ROS の tf システムは複数の座標系を追跡し、それらの関係をツリー構造に保持します。tf は配布されるため、ROS ネットワーク内の各ノードですべての座標系に関する情報を使用できます。MATLAB® では、この変換ツリーにアクセスすることができます。この例では、使用可能な座標系へのアクセス、それら座標系間の変換の取得、および任意の 2 つの座標系間での点、ベクトル、その他のエンティティの変換について説明します。

必要条件: ROS 入門ROS ネットワークへの接続

開始

ROS システムを初期化します。

rosinit
Initializing ROS master on http://bat800808glnxa64:33935/.
Initializing global node /matlab_global_node_00675 with NodeURI http://bat800808glnxa64:34929/

この例で現実的な環境を作成するために、exampleHelperROSStartTfPublisher を使用して複数の変換をブロードキャストします。変換はロボットに取り付けられたカメラを表します。
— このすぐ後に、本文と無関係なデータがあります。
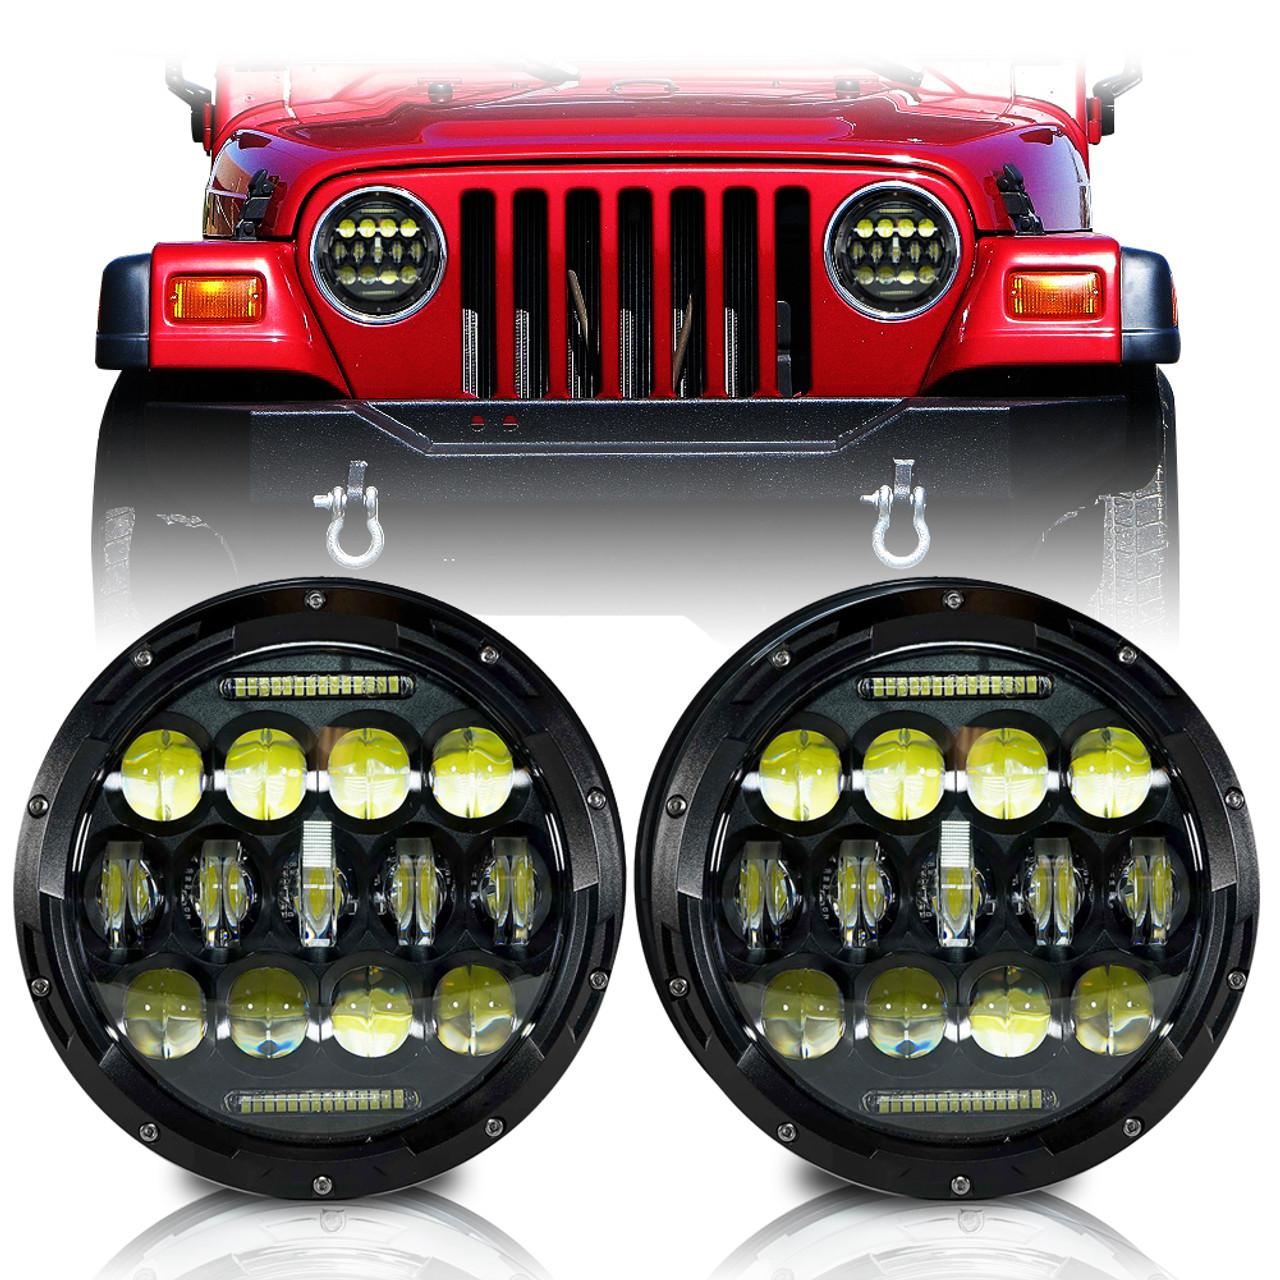 xpe honeycomb array black led headlights for wrangler 1996-2017

この変換ツリーには 3 つの座標系が定義されています。

  • ロボットのベース座標系 (robot_base)

  • カメラの取り付け位置 (mounting_point)

  • カメラの光学中心 (camera_center)

次の 2 つの変換がパブリッシュされています。

  • ロボットのベースからカメラの取り付け位置までの変換

  • 取り付け位置からカメラ中心までの変換

exampleHelperROSStartTfPublisher

3 つの座標系の視覚的表現は次のようになります。

ここで、各座標系の x、y、z 軸はそれぞれ赤、緑、青の線で表されています。座標系間の親子関係を、子からその親座標系を指す茶色の矢印で示します。

関数 rostf を使用して新規の変換ツリー オブジェクトを作成します。このオブジェクトを使用して、使用可能なすべての変換にアクセスしたり、異なるエンティティに変換を適用したりすることができます。

tftree = rostf
tftree = 
  TransformationTree with properties:

    AvailableFrames: {0x1 cell}
     LastUpdateTime: [0x1 Time]
         BufferTime: 10

オブジェクトが作成されると tf 変換の受信を開始し、その変換を内部でバッファー処理します。変数 tftree は、データ受信を続行するようにワークスペース内に保持しなければなりません。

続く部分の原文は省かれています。